In the Medicare program, private insurers have selectively marketed their Medicare Advantage products to healthier individuals, yet have been paid at higher rates based on the average health care needs of this older and sicker population. The Medicare administration attempted to correct for this by risk adjustment. That is, they increased payments for patients diagnosed with more significant disorders, while reducing payments for patients with minimal disorders. The insurers responded by coding not very sick patients as if they had more serious disorders – not frank fraud, but taking liberties with diagnoses. Instead of correcting the overpayment problem this actually further increased the amount of overpayments to the private insurers.
With the Affordable Care Act, do you believe that the private insurers have had an epiphany and now want to give patients and taxpayers the best health care value possible?

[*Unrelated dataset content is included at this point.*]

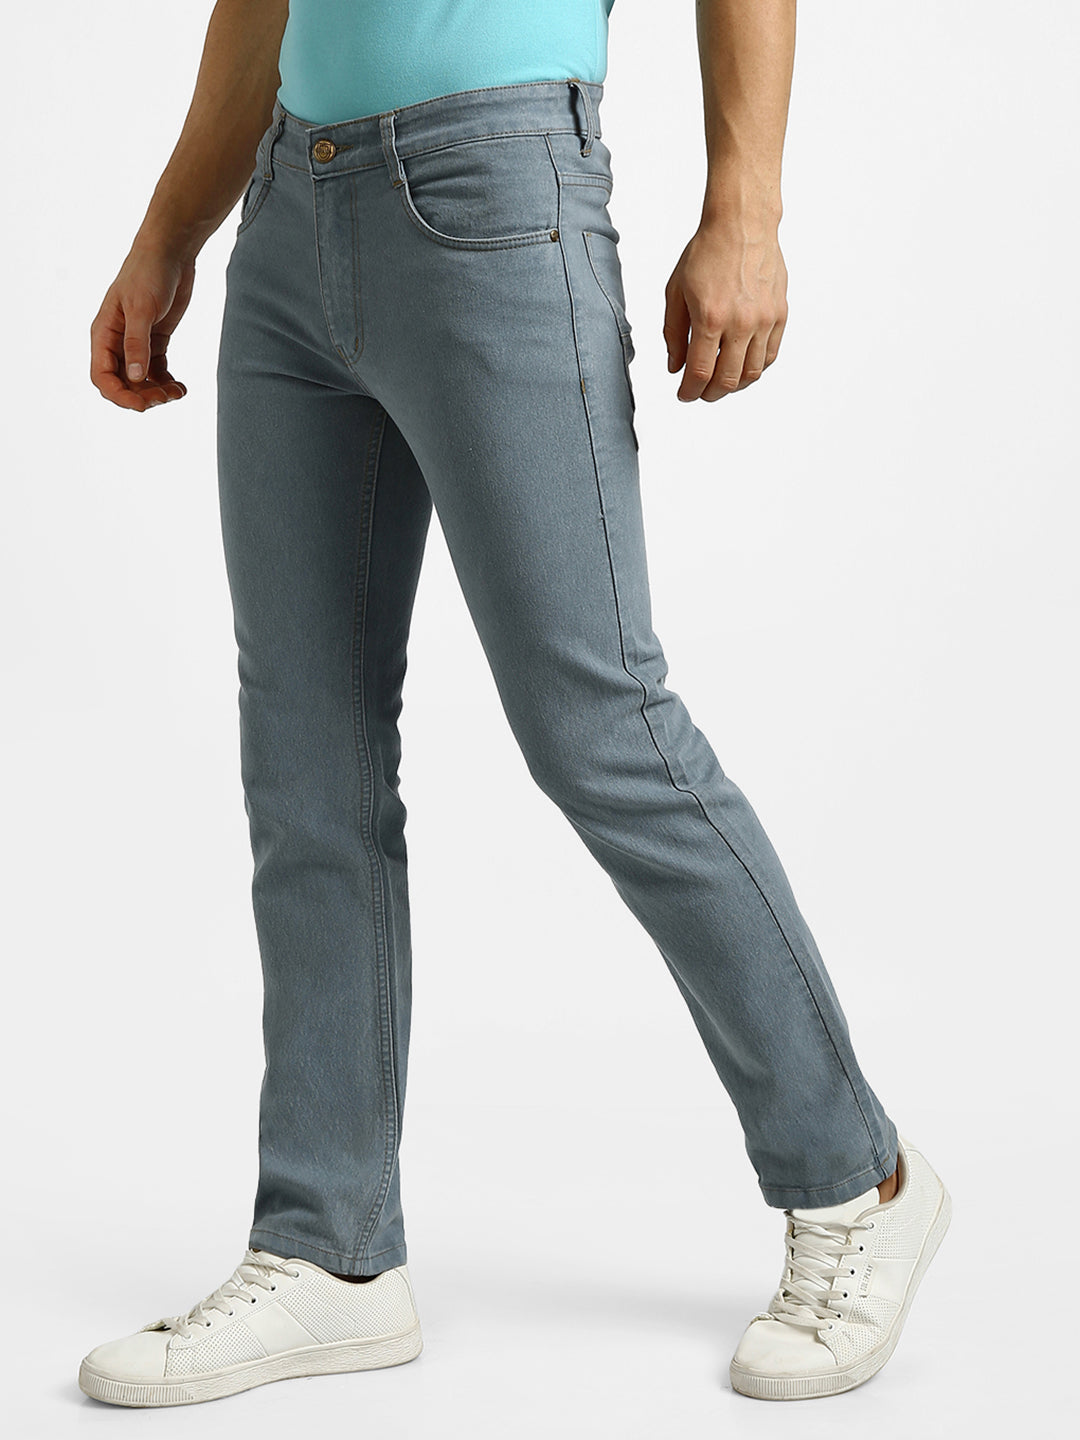 Men's Light Grey Regular Fit Washed Jeans Stretchable

If you think so, you don’t understand this industry.
Follow this timetable:
* The Obama administration decided to use outside contractors to build a federal data services hub to help run the federal health insurance exchange.

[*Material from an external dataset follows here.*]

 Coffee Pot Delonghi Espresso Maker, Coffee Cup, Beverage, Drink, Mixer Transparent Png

* One of the more important functions of that hub is to have responsibility over payment calculation for risk adjustment. “This program is intended to redistribute funding from plans that attract younger and healthier participants, and thus have lower costs, to plans that attract people with more chronic diseases.”
* Under a competitive process, the contract was awarded to Quality Software Services, Inc. (QSSI) in September 2011, and finalized in January 2012.
* Steve Larsen, a senior official at HHS “left the Center for Consumer Information and Insurance Oversight, the office tasked with crafting rules for the national exchange, in July to take a job with Optum.”
* In September 2012, QSSI was purchased by Optum, a subsidiary of UnitedHealth Group, the parent company of UnitedHealthcare, the largest insurer in the nation.
Lest anyone might suggest that Steve Larsen may have been involved in a nefarious plot to benefit UnitedHealth, former Rep. Earl Pomeroy, a registered lobbyist with Alston & Bird, which represents Aetna, “dismissed the notion that Larsen may have given Optum an unfair advantage.”
UnitedHeathcare’s stealth takeover of the administrative entity that will allow their subsidiary to supervise risk adjustment for the plans in the federal health insurance exchange should have us all concerned. Considering their prior bad behavior, should we trust them now that they have even greater control over risk adjustment? Think not.
Okay, it’s clear that the problem is that we have turned control of health care financing over to an industry that must place its own interests over those of patients. So what is the solution? Do we further increase regulatory oversight? History has shown that they will always meet their fundamental business obligations by finding other ways to skirt regulatory interventions, just as they found a way improve their return when risk adjustment was applied as a solution to their practice of favorable selection (selectively marketing the healthy).
No, it is not that they need more government oversight, because that clearly is an inadequate solution. Rather, the solution is that this industry needs to be replaced with a public program owned by the people of this nation. We need a public service model instead of a private business model of health care financing. We need a single payer national health program – an improved Medicare that covers everyone.